# Integration with mzMatch and PeakMLViewerPy

The new ipaPy2 package is fully integrated with [mzMatch](https://github.com/UoMMIB/mzmatch.R).
mzMatch is a data processing pipeline for metabolomics LC/MS data. This pipeline revolves around the PeakML file format, which is designed to contains all the information obtained from the processing of a LC/MS-based untargeted metabolomics experiment.  

As shown below, the new IPA implementation includes the necessary functions to read a .peakml file and extracts the information required to run the IPA method.

In [1]:
from ipaPy2 import PeakMLIO
from ipaPy2 import ipa
import pandas as pd

All the information about the ReadPeakML() function can be found in the help:

In [2]:
help(PeakMLIO.ReadPeakML)

Help on function ReadPeakML in module ipaPy2.PeakMLIO:

ReadPeakML(filename)
    Loading data from a PeakML file
    
    Parameters
    ----------
    filename : string with the name (including path) of the .peakml file.
                It is important to use the allpeaks file generated by the
                mzmatch anlysis, for the proper use of the IPA method.
    
    Returns
    -------
    df : pandas dataframe (necessary)
         A dataframe containing the MS1 data including the following columns:
            -ids: an unique id for each feature
            -rel.ids:   relation ids.

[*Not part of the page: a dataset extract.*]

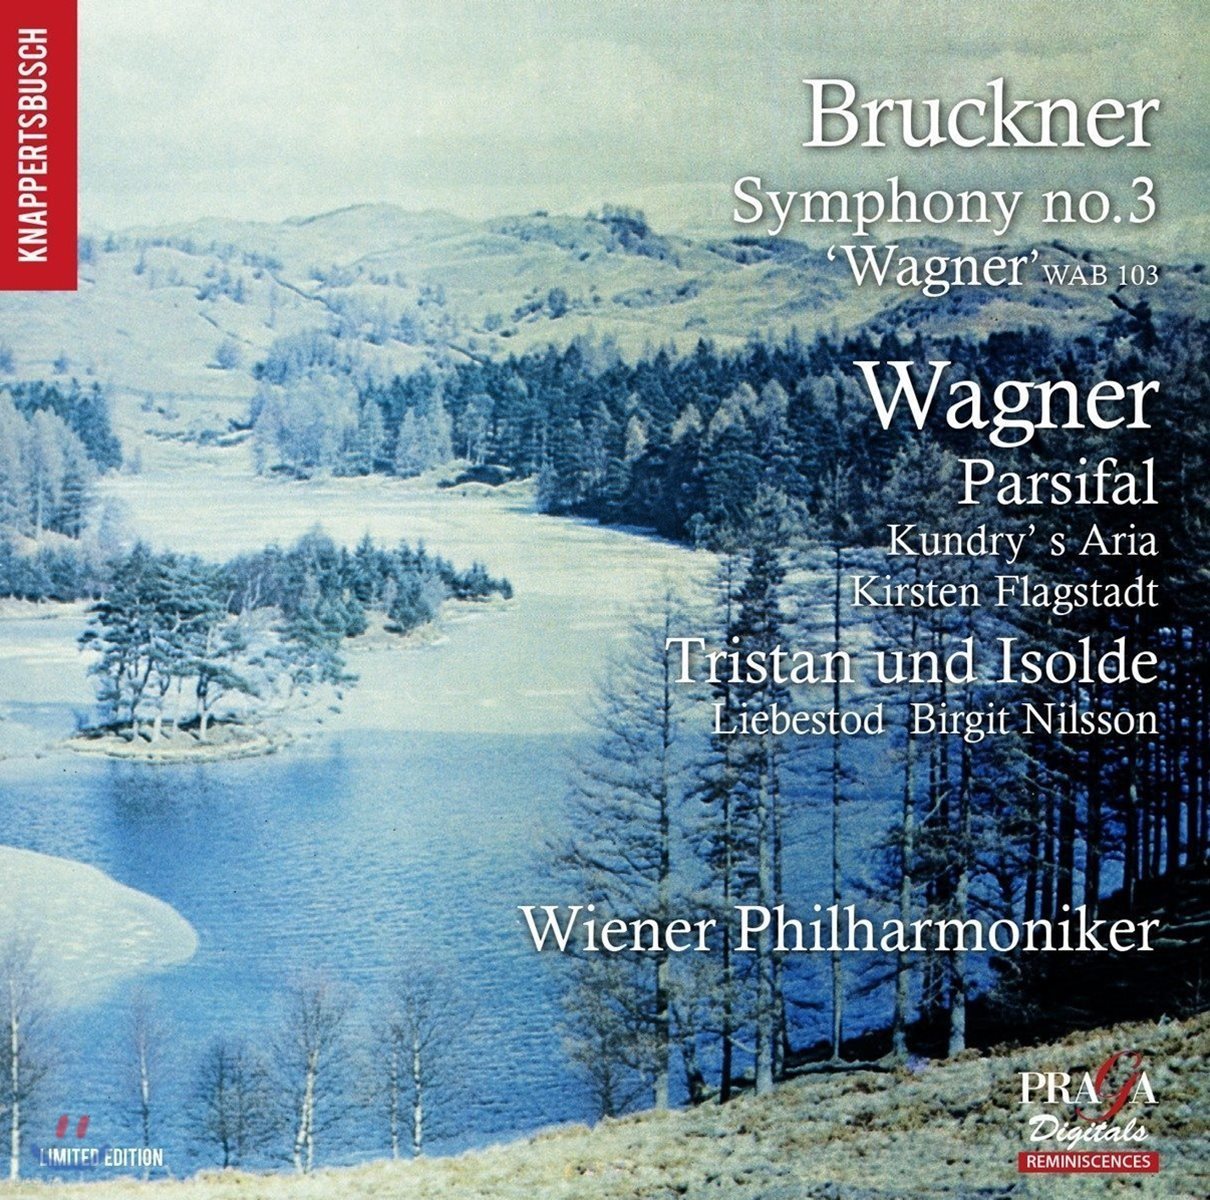 Hans Knappertsbusch 브루크너: 교향곡 3번 / 바그너: 파르지팔, 트리스탄과 이졸데 '사랑의 죽음' (Bruckner: Symphony WAB103 / Wagner: Parsifal, Tristan und Isolde 'Liebestod')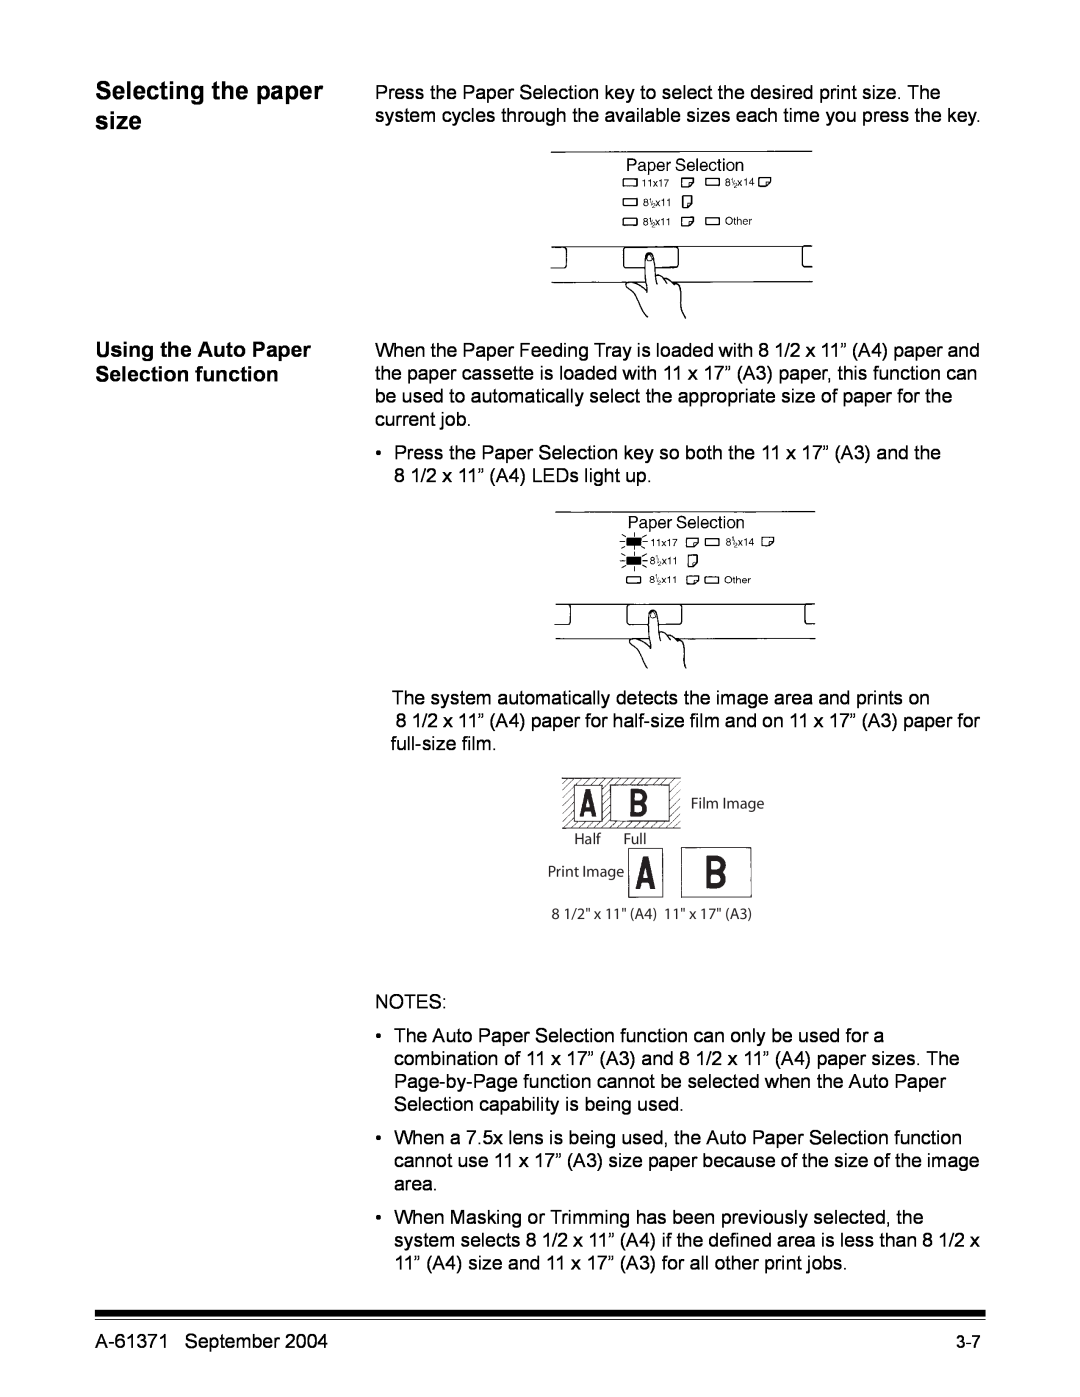 Kodak 3000DSV-E manual Selecting the paper size, Using the Auto Paper Selection function

In a previous step of the data processing
                        pipeline, features are clustered based on peak shape
                        similarity/retention time. Features in the same
                        cluster are likely to come from the same metabolite.
                        All isotope patterns must be in the same rel.id
                        cluster.
            -mzs: mass-to-cha

Using this function, one can read the .peakml file and obtain the dataframe needed to run the IPA pipeline.
For this example, we used a rather small example .peakml file that can be downloaded from [here](https://drive.google.com/file/d/123bDs8kMTlDbjd1gETSAEe6uCW_fgsSW/view?usp=share_link).

In [3]:
df = PeakMLIO.ReadPeakML('Example_allpeaks.peakml')
df.head()

loading Example_allpeaks.peakml...
parsing 959 peaks...


Unnamed: 0,ids,rel.ids,mzs,RTs,Int
0,1,0,116.070547,45.770423,2170017000.0
1,88,0,117.073691,45.787586,125652000.0
2,372,0,70.065197,45.795901,34876560.0
3,501,0,231.133686,46.183948,25192230.0
4,2,1,104.106842,40.843309,1889172000.0


In order to run the IPA method on this dataset, it is necessary to load the necessary databases:

In [4]:
DB=pd.read_csv('DB/IPA_MS1.csv')
adducts = pd.read_csv('DB/adducts.csv')
Bio = pd.read_csv('DB/allBIO_reactions.csv')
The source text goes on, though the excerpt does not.